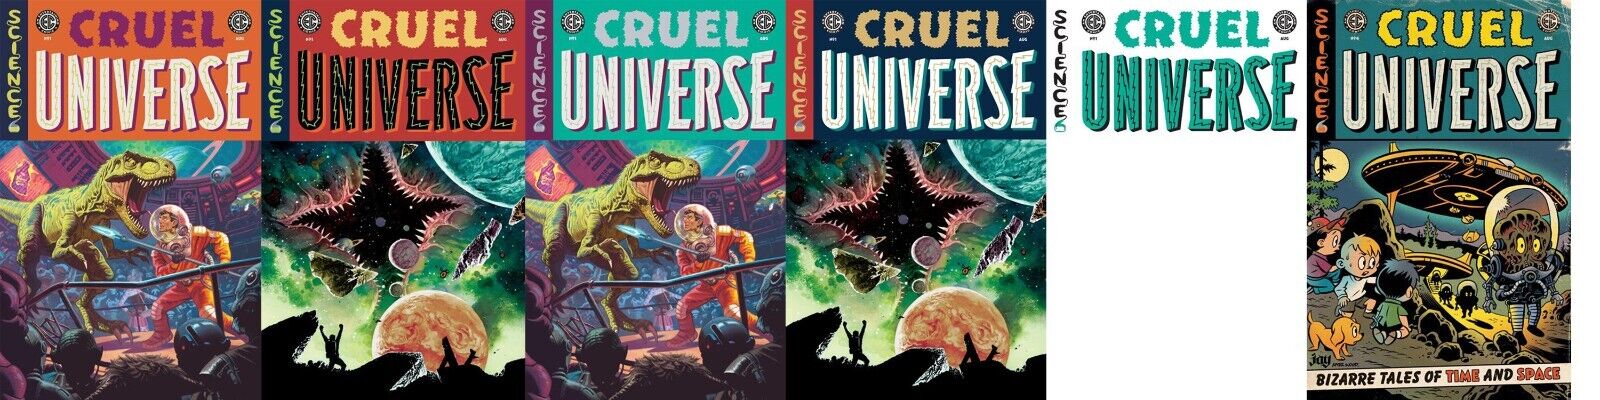 EC CRUEL UNIVERSE #1 NM 6 COVER SET 1:10 SILVER GOLD FOILS PRESALE 
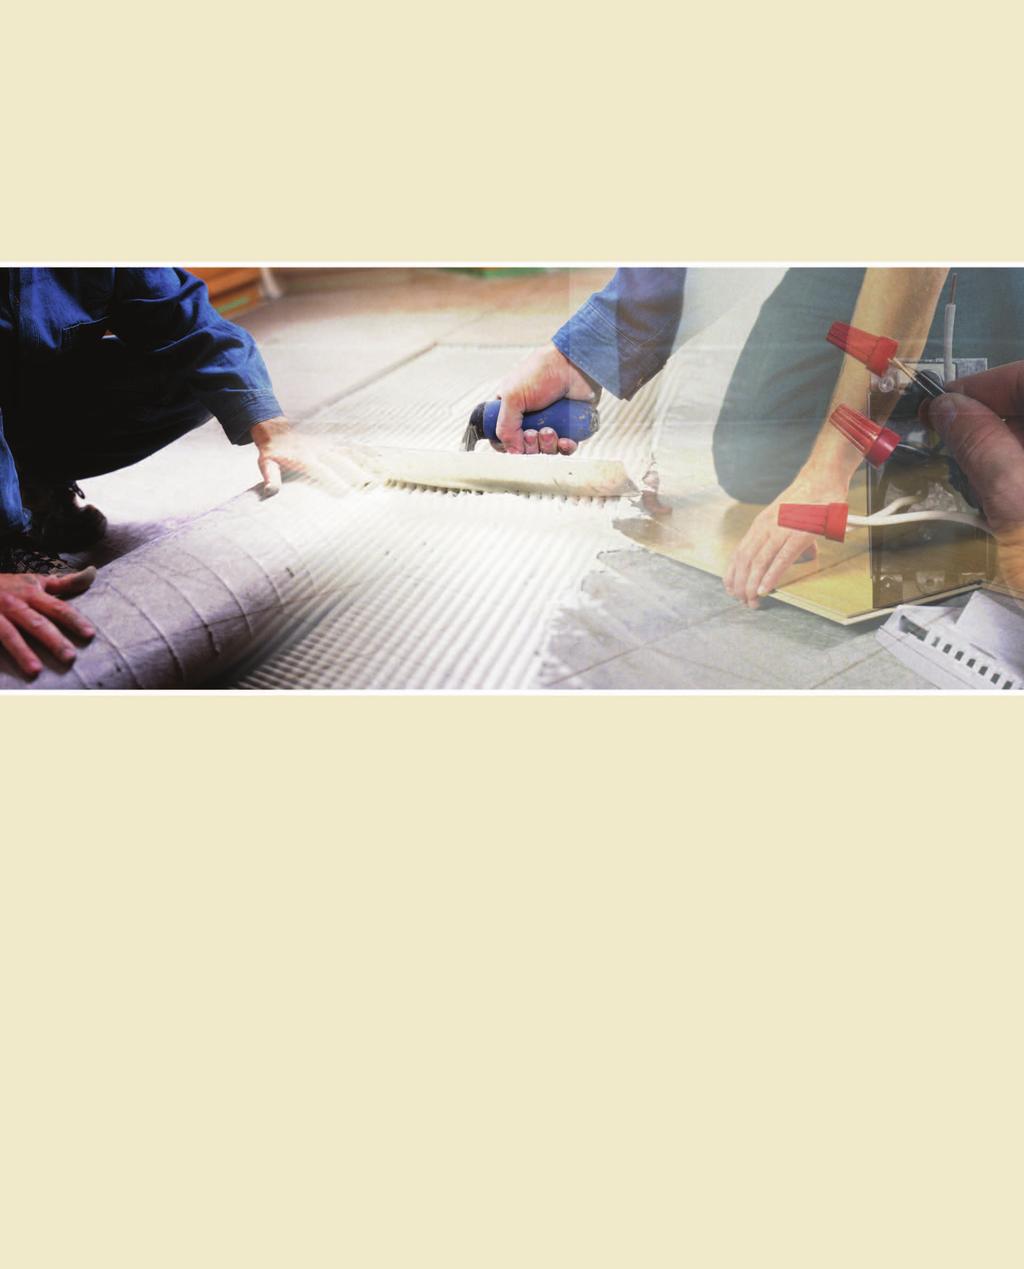 Nuheat Mat Installation Manual Nuheat Electric Floor Heating System Includes installation guidelines for installing the Nuheat Floor
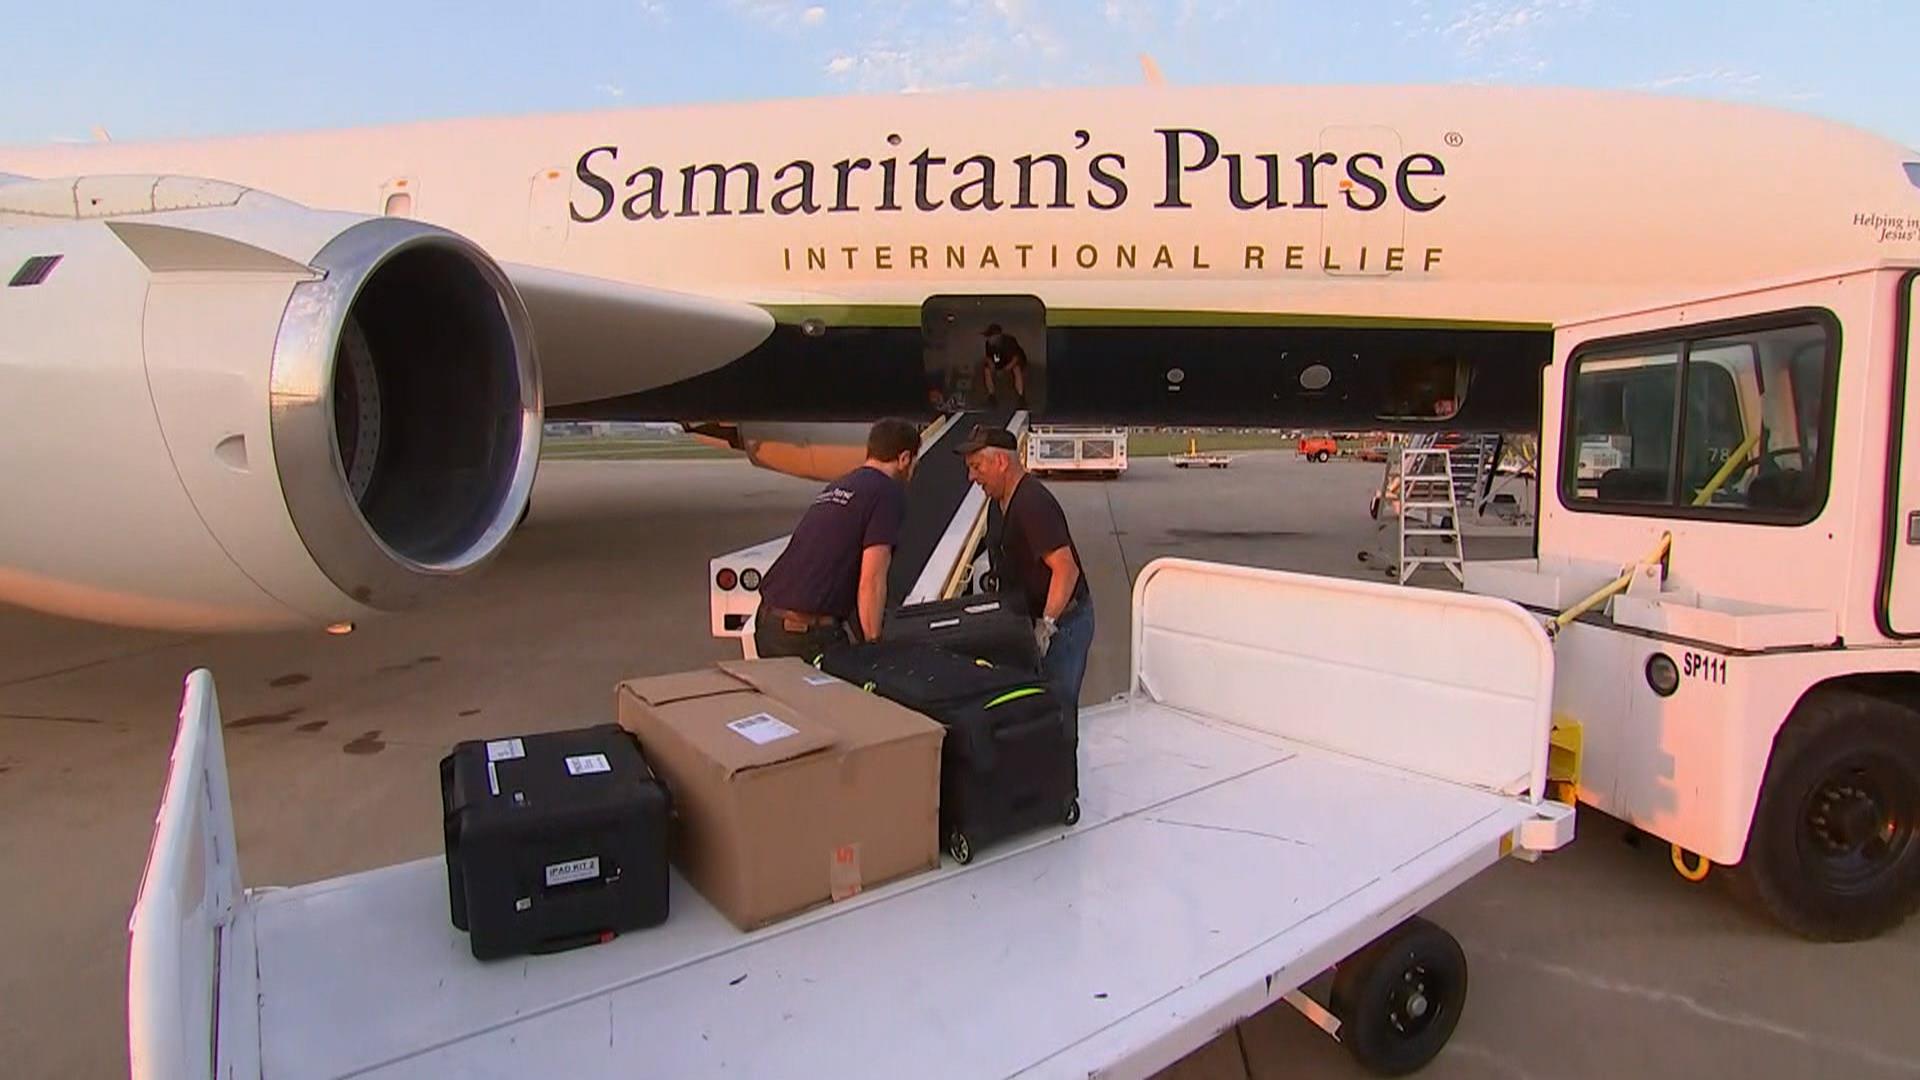 Samaritan's Purse International Relief
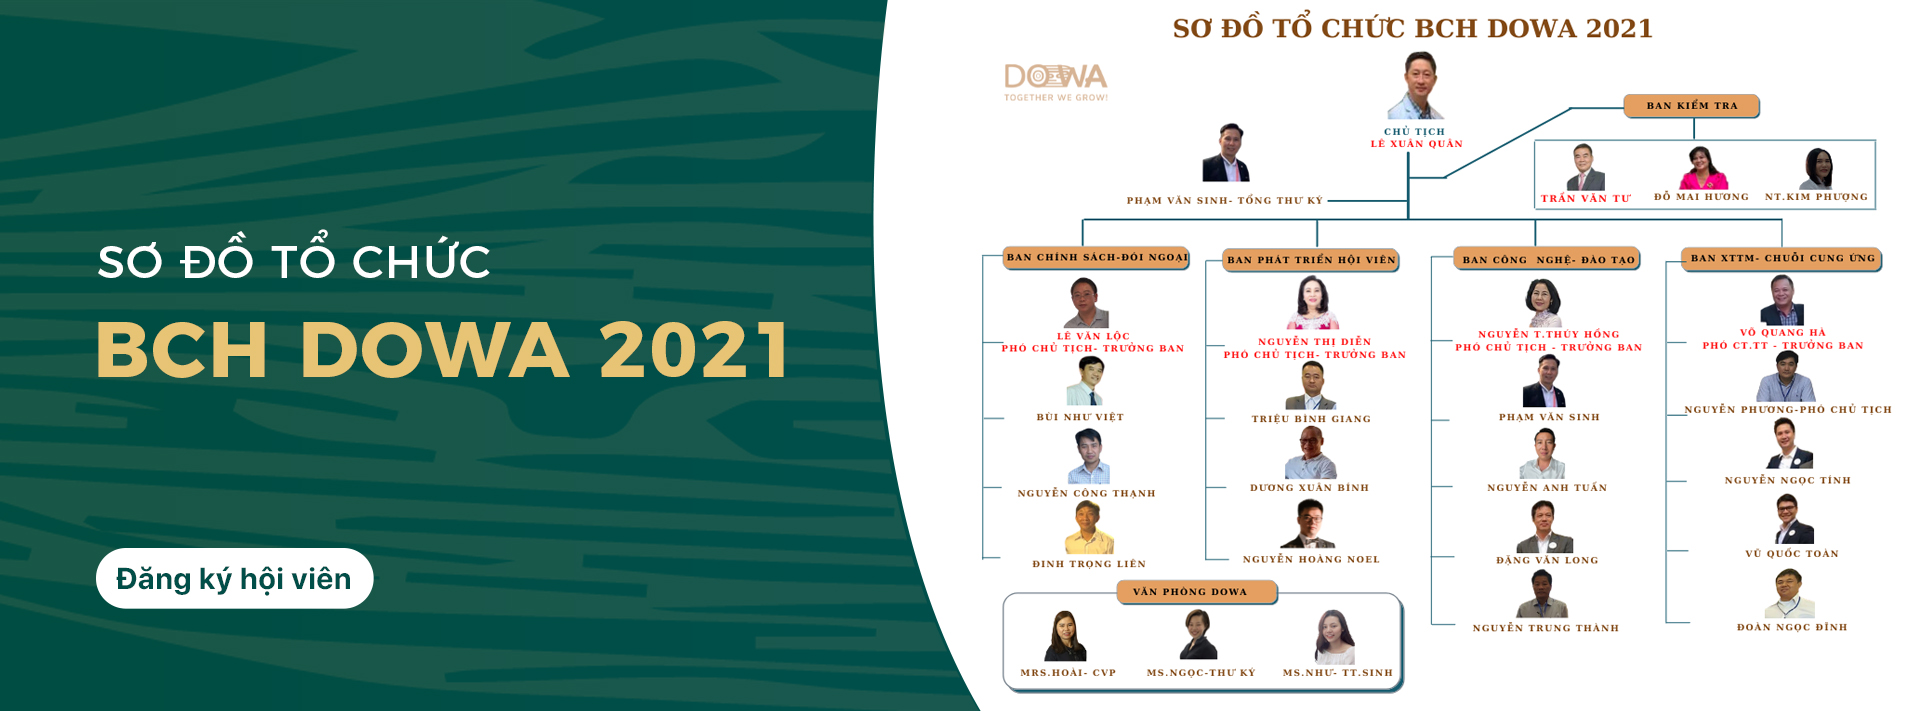 BCH Dowa 2021

__________

:: What the task requires ::
Transcribe the material exactly, leaving every picture out.

:: Response to this exercise ::
 EC CRUEL UNIVERSE #1 NM 6 COVER SET 1:10 SILVER GOLD FOILS PRESALE 
 Nuheat Mat Installation Manual Nuheat Electric Floor Heating System Includes installation guidelines for installing the Nuheat Floor
 Samaritan's Purse International Relief
 BCH Dowa 2021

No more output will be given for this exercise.